# The task
Omit every picture, then return each line of the data below exactly.

# Source material
___

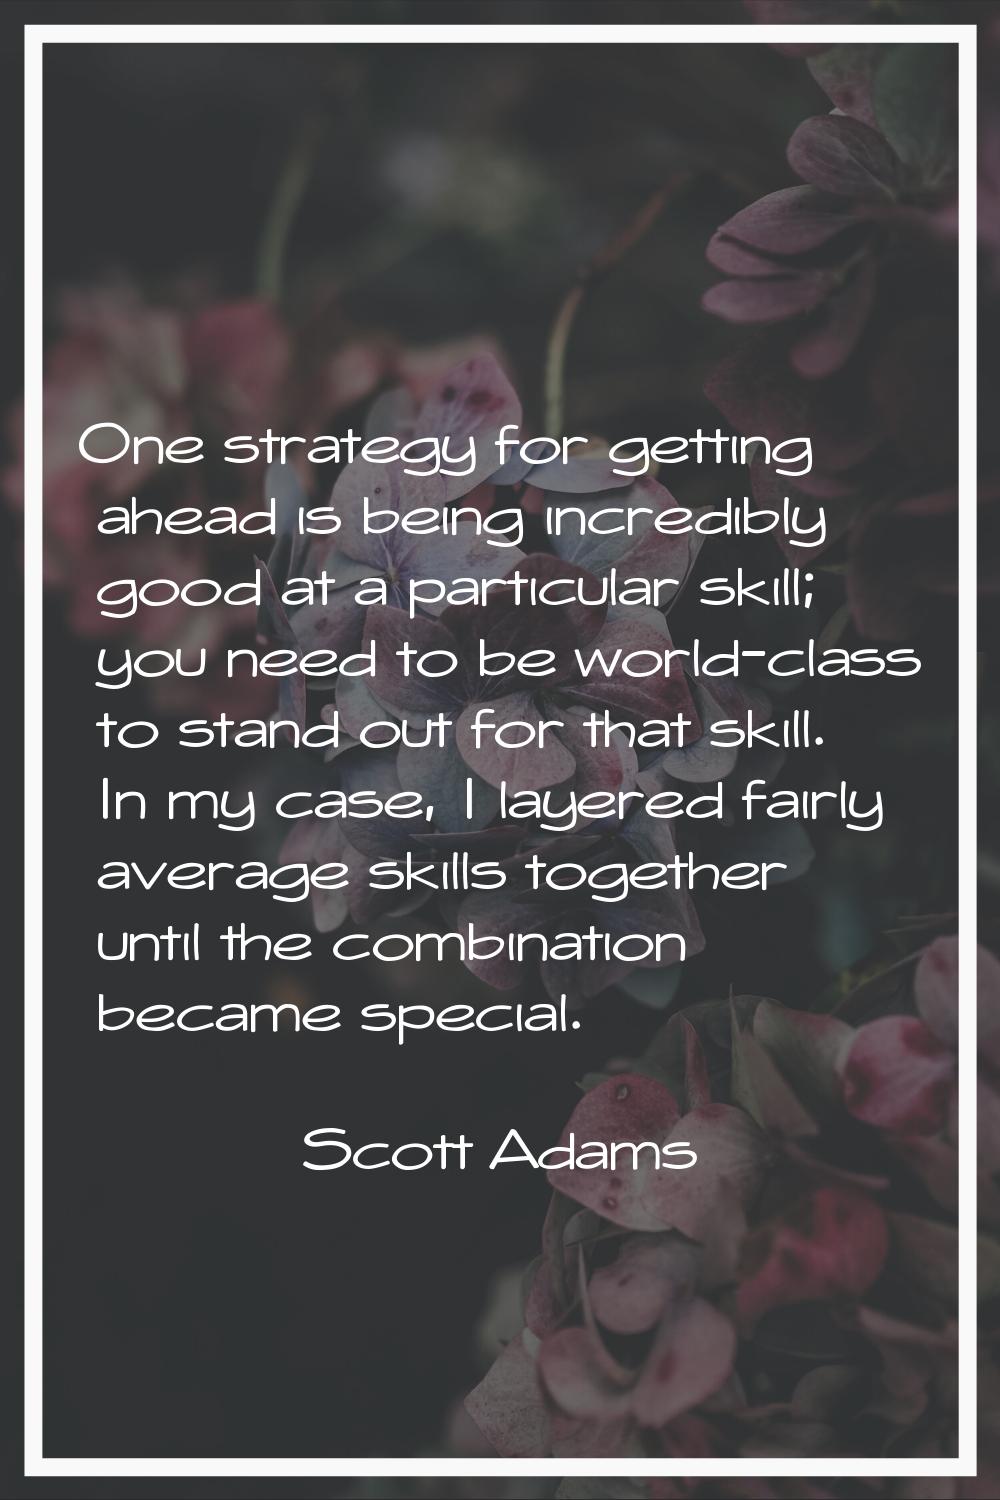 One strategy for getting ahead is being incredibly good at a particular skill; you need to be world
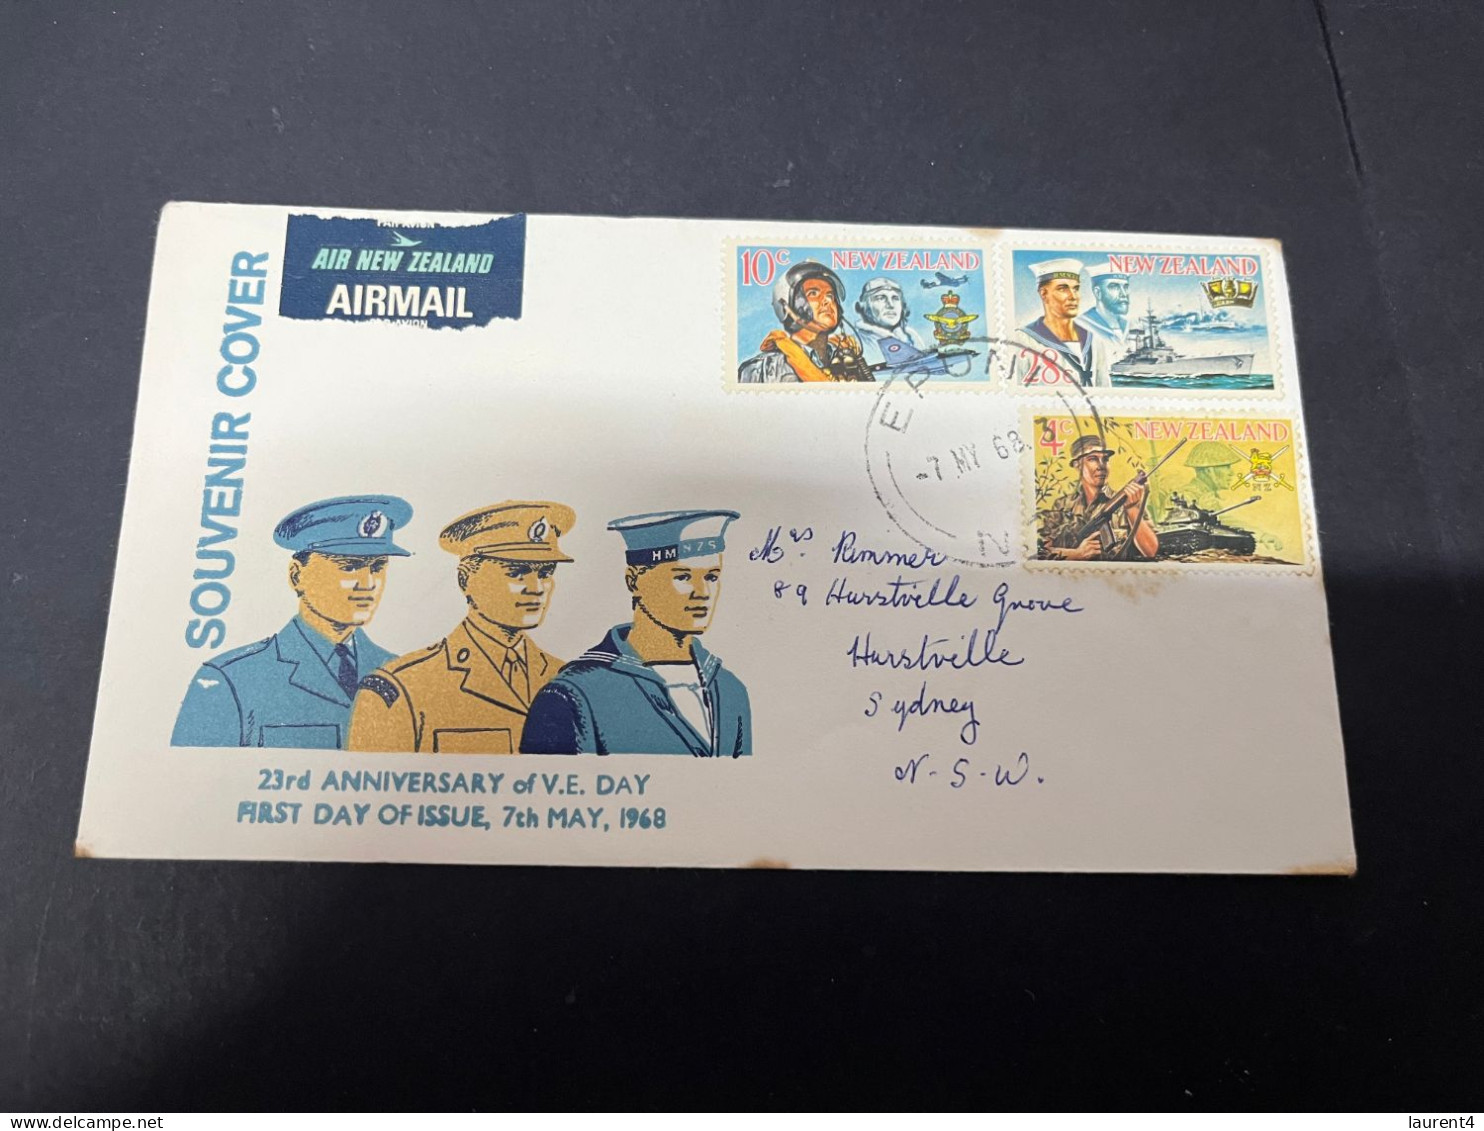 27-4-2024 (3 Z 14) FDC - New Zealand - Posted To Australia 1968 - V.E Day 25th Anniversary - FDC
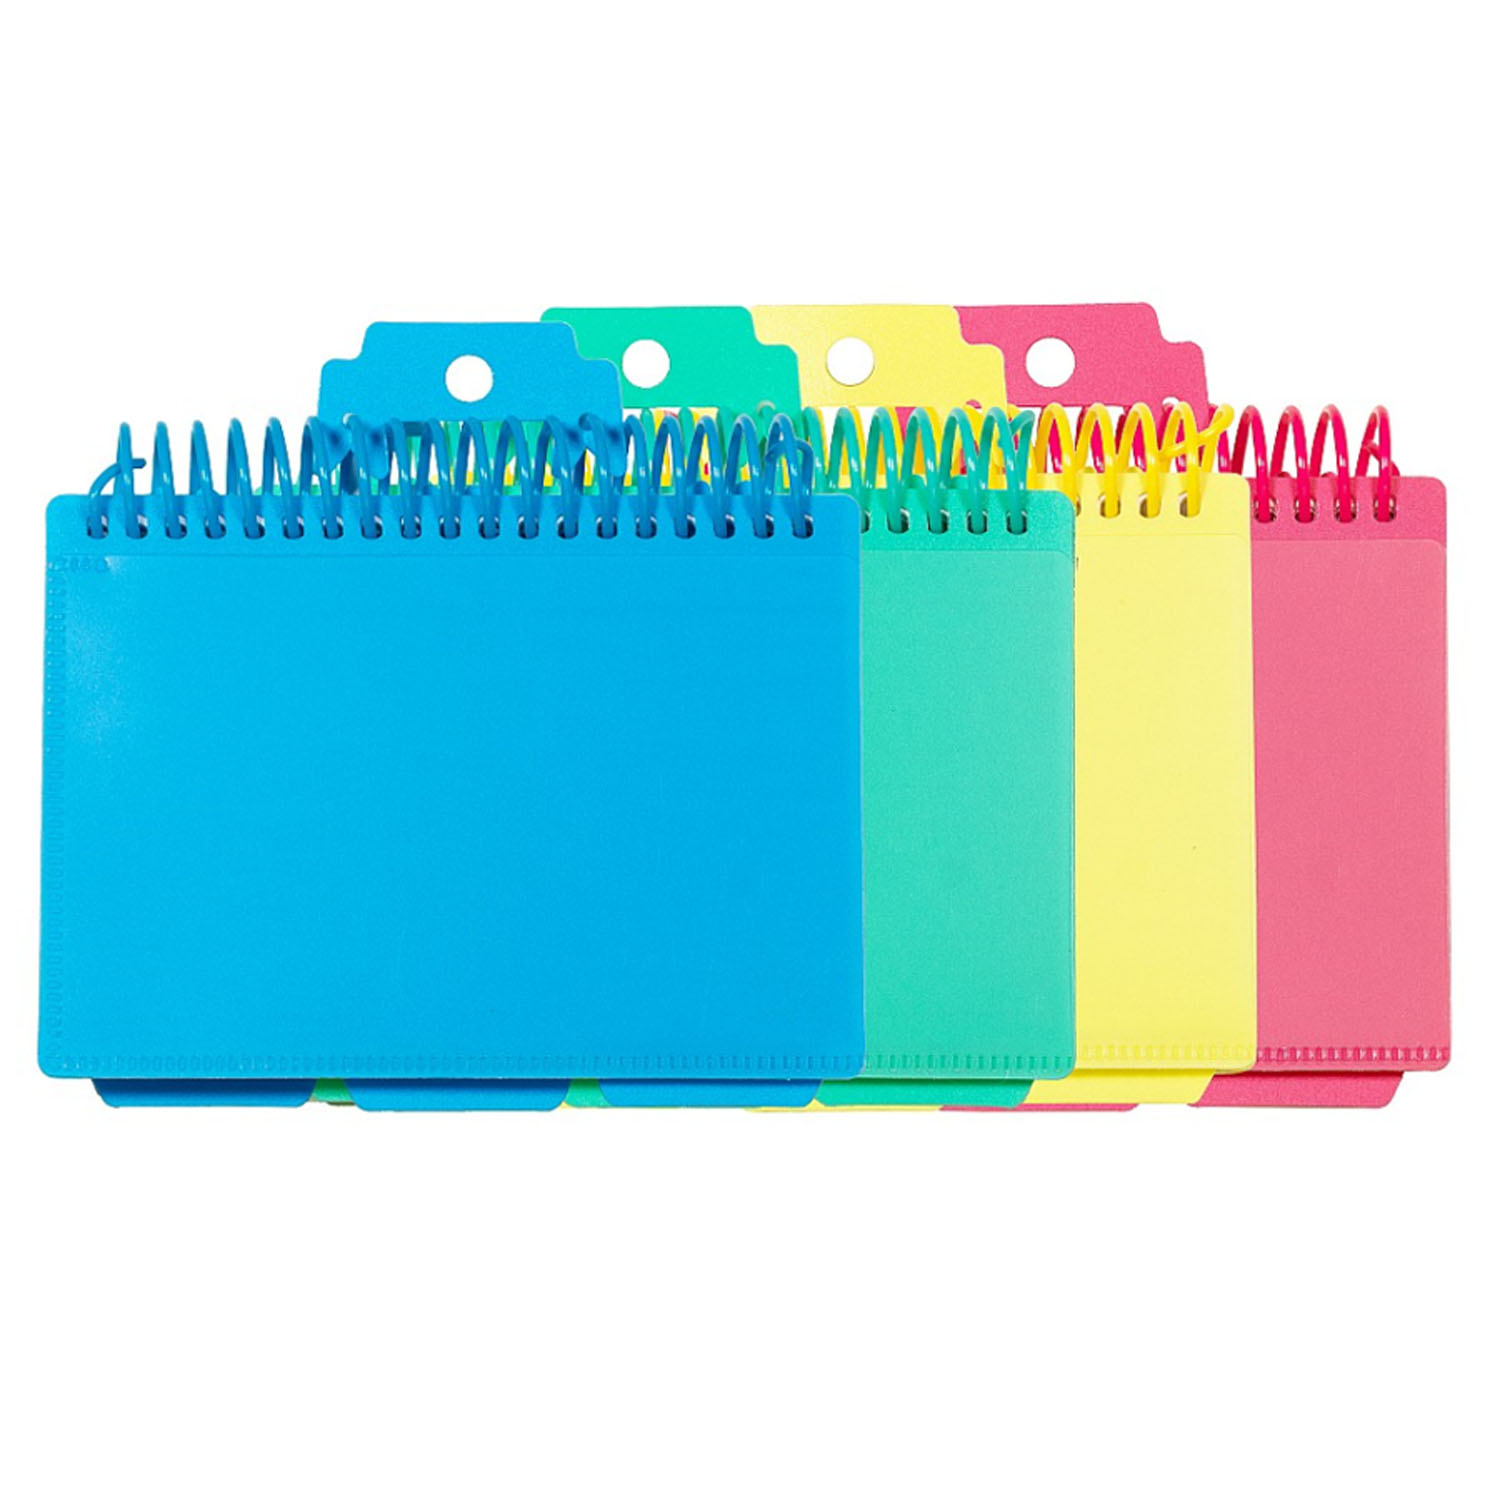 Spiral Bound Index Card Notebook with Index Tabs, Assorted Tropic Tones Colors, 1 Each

___

# Answer to the exercise
 One strategy for getting ahead is being incredibly good at a particular skill; you need to be world
 27-4-2024 (3 Z 14) FDC - New Zealand - Posted To Australia 1968 - V.E Day 25th Anniversary - FDC
 Spiral Bound Index Card Notebook with Index Tabs, Assorted Tropic Tones Colors, 1 Each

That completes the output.